Где я взял подъемный кран и подзорную трубу, или…
На фиг мне был нужен браунинг № 1347?!
Любовь – вот в чем была основная проблема Кортика. Я-то этому слову особого значения не придаю, для меня оно условно, что-то вроде вечно неутолимой жажды. В круговороте бытия есть три сферы: мир желаний, мир форм и мир без форм. Кортик существовал в мире желаний, а я в мире форм. В мире желаний существа предаются удовольствиям от желанных форм, звуков, вкусов и осязаемых объектов. Все это вместе и представляло для моего друга основы любви. Мне иногда казалось, что хорошую музыку, от которой Кортик цепенел и начинал грызть ногти, он любил так же, как и вкусное жаркое или пудинг. Правда, с осязаемыми объектами у Кортика всегда были проблемы. Обнаружив объект, который его заинтересовал, он тут же бросался его щупать. И так с девяти лет. Именно в этом возрасте он впервые так настойчиво осязал одну нервную девочку в гимназии, что был отчислен, и никакие потуги родителей Кортика, которые решили выстроить для гимназии крытый бассейн, не помогли.
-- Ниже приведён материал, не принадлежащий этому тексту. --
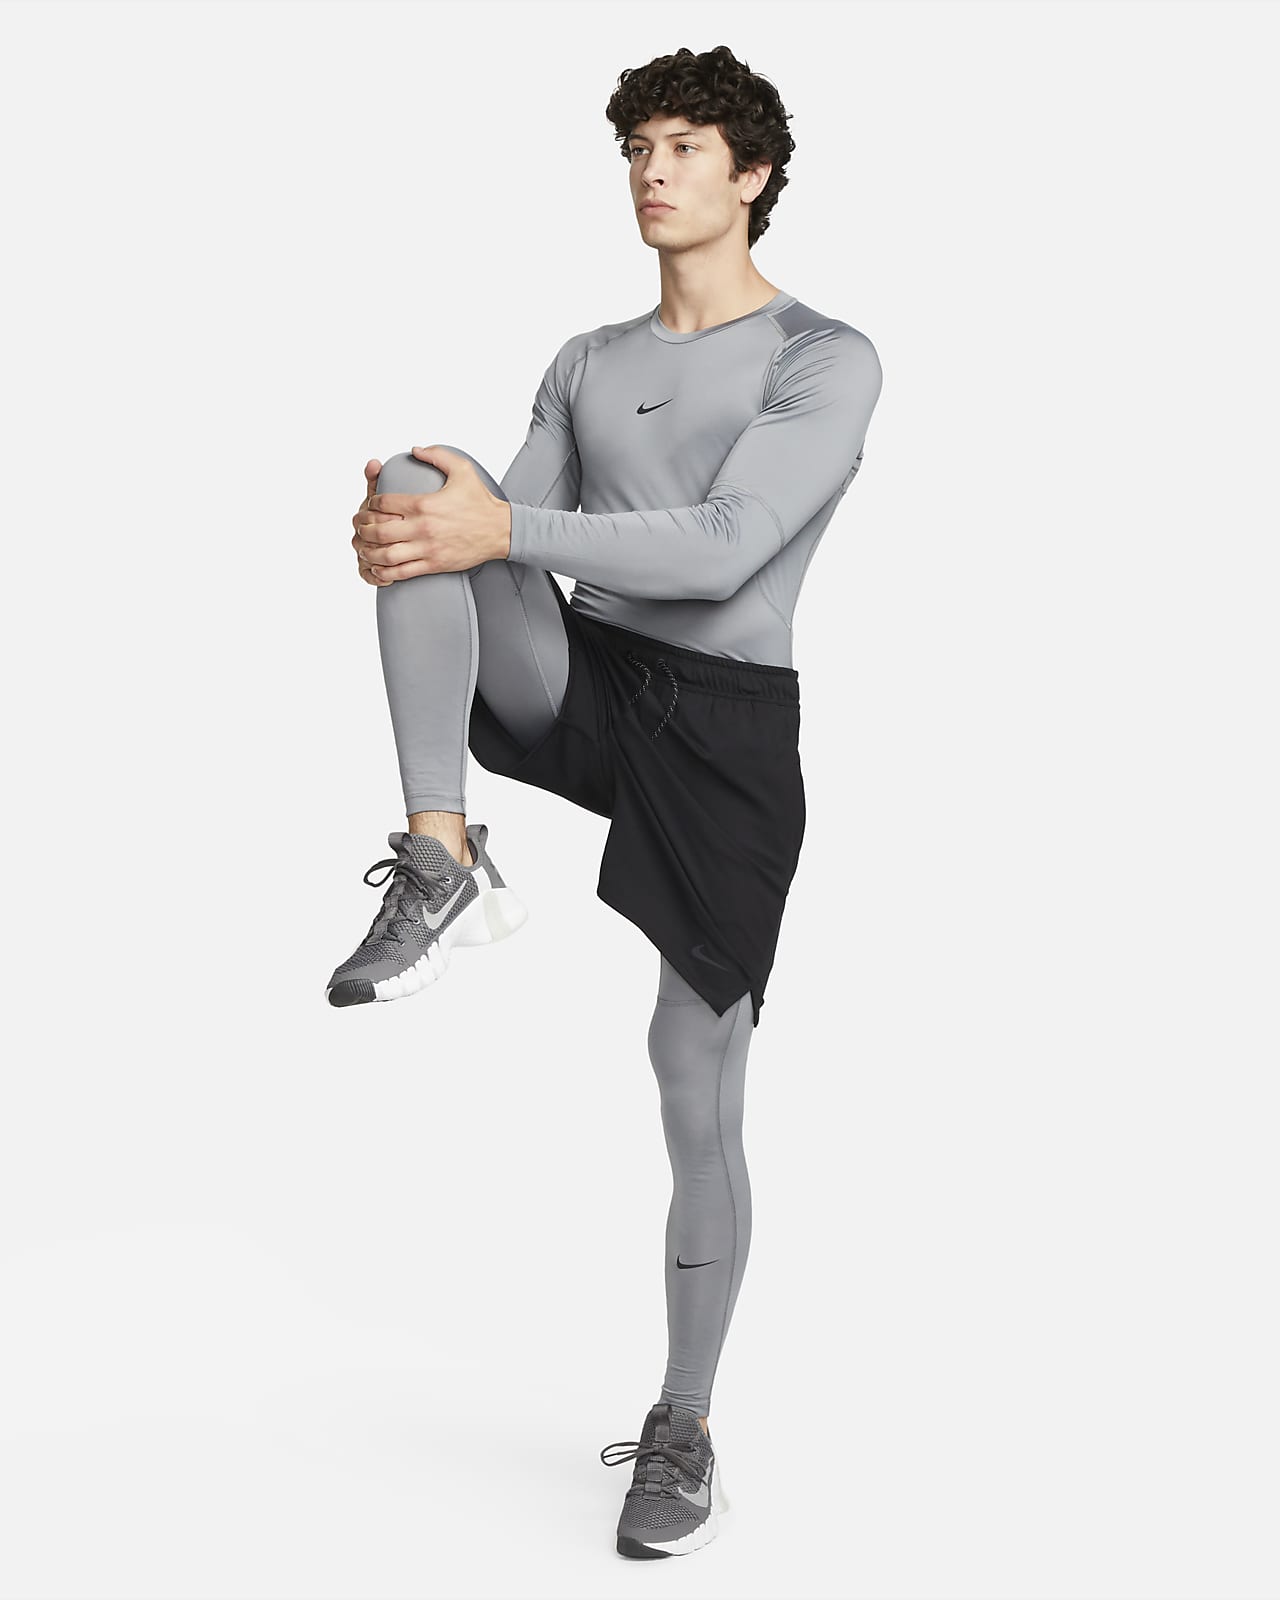 Nike Men's Pro Training Tights White/Black - S

Кстати, впоследствии подросший Кортик тупо продолжал делать то же самое с заинтересовавшими его объектами – немедленно осязать, но последствия уже были иными. Некоторые объекты женского пола такие нападки красивого мальчика воспринимали как вполне допустимое ухаживание, а остальные – как роковое вмешательство в целостную оболочку их бытия, и требовали клятв в верности и обещания жениться.
Что я делал в мире форм? По Будде я находился в его низшей части, в которой существа не увлекаются внешними удовольствиями, а испытывают наслаждение от внутреннего созерцания. Не скажу, что я испытывал особое наслаждение от созерцания собственного внутреннего «я», но видя потуги Кортика познать окружающий мир, часто уважал себя за отстраненность, с которой выслушивал подробности его первого опыта, – ни зависти, ни чувства обиды за свою неполноценность у меня не возникало. Скажу больше: наслушавшись Кортика, я иногда подозревал, что, миновав мир желаний и мир форм, сразу вознесся в своем отречении от жизни в мир без форм, в котором царит лишь сознание, а пять чувств, дающих наслаждение, отсутствуют там напрочь. И тогда мудрая матушка, обнаружив зависший в моих глазах восторг и упоение от приоткрывшейся вдруг вечности, быстро возвращала меня в мир форм болезненным выворачиванием левого уха или подзатыльником. Я тут же ощущал свое тело и его унылые потребности и не обижался – она-то в моих зависаниях предполагала худшее, прятала режущие предметы и снотворное и на всякий случай готовила на ужин курицу с черносливом.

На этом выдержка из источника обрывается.